= Trudy Virginia Noller Murphy =

American physician, public health epidemiologist and vaccinologist

Trudy Virginia Noller Murphy is an American pediatric infectious diseases physician, public health epidemiologist and vaccinologist. During the 1980s and 1990s, she conducted research at Southwestern Medical School in Dallas, Texas on three bacterial pathogens: Haemophilus influenzae type b (Hib), Streptococcus pneumoniae (pneumococcus), and methicillin-resistant Staphylococcus aureus (MRSA). Murphy's studies advanced understanding of how these organisms spread within communities, particularly among children attending day care centers. Her seminal work on Hib vaccines elucidated the effects of introduction of new Hib vaccines on both bacterial carriage and control of invasive Hib disease. Murphy subsequently joined the National Immunization Program at the Centers for Disease Control and Prevention (CDC) where she led multi-disciplinary teams in the Divisions of Epidemiology and Surveillance and The Viral Hepatitis Division. Among her most influential work at CDC was on Rotashield™, which was a newly licensed vaccine designed to prevent severe diarrheal disease caused by rotavirus. Murphy and her colleagues uncovered that the vaccine increased the risk of acute bowel obstruction (intussusception). This finding prompted suspension of the national recommendation to vaccinate children with Rotashield, and led the manufacturer to withdraw the vaccine from the market. For this work Murphy received the United States Department of Health and Human Services Secretary's Award for Distinguished Service in 2000, and the publication describing this work was recognized in 2002 by the Charles C. Shepard Science Award from the Centers for Disease Control and Prevention.

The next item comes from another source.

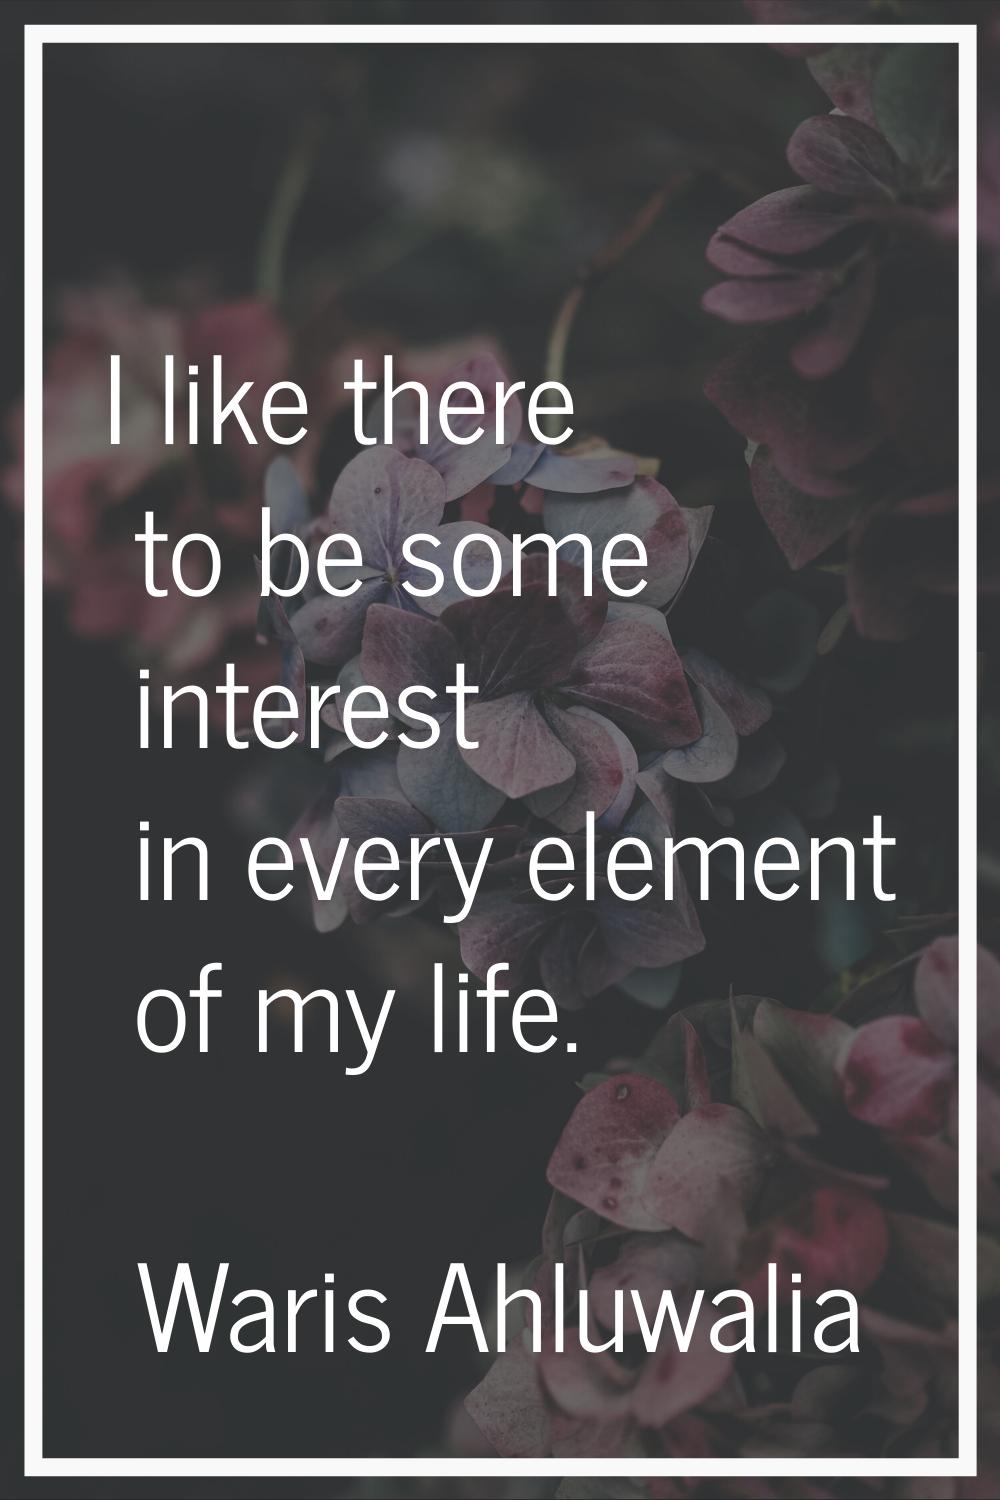 I like there to be some interest in every element of my life.

== Early life and education ==
Murphy was born in Oak Ridge, Tennessee, where her father, George Noller, was employed by the Manhattan Project. She grew up in Berkeley, California, attended Berkeley High School, and graduated from the University of California Berkeley with a BA in Biological Sciences. She earned her medical degree from the University of California Los Angeles and completed her post-graduate pediatric infectious disease work at the University of Texas Southwestern Medical School in Dallas, Texas, under the mentorship of George H. McCracken Jr. and John D. Nelson. Following her fellowship she became a member of the faculty at Southwestern Medical School.

==Research==
Murphy is the author or co-author of around 100 publications in peer-reviewed academic journals as well as numerous contributions in "Morbidity and Mortality Weekly Report", published by the U.S. Centers for Disease Control and Prevention (CDC).  As a faculty member at Southwestern Medical School she established prospective, laboratory-based surveillance of severe bacterial diseases in residents of Dallas County, Texas.^{[1]} In 1998, she joined CDC where her work focused on infectious disease epidemiology and vaccine policy.

===Haemophilus influenzae type b (Hib)===

By the 1960s, Hib was recognized as an important cause of invasive bacterial disease in infants and children. By the late 1970s, with increasing use of childcare outside the home, cases of Hib disease were being recognized with increasing frequency among infants and children attending child day care facilities. Whether or not to give antimicrobial prophylaxis to day contacts of a case of Hib disease to prevent secondary cases was controversial.  The reasons were that little was known about the extent of asymptomatic Hib colonization among children attending child day care in the absence of cases of disease, or the risk of a secondary case of disease in contacts after exposure to a Hib case. Murphy and her colleagues obtained monthly pharyngeal cultures for Hib from children and their caretakers in a day care center in which no cases of Hib systemic disease had occurred. Despite absence of exposure to a case, 71% of the toddler group and 48% of the preschool group became colonized by Hib at some time during the 18-month-study. These data showed that Hib could be widespread in a day care center without resulting in systemic disease.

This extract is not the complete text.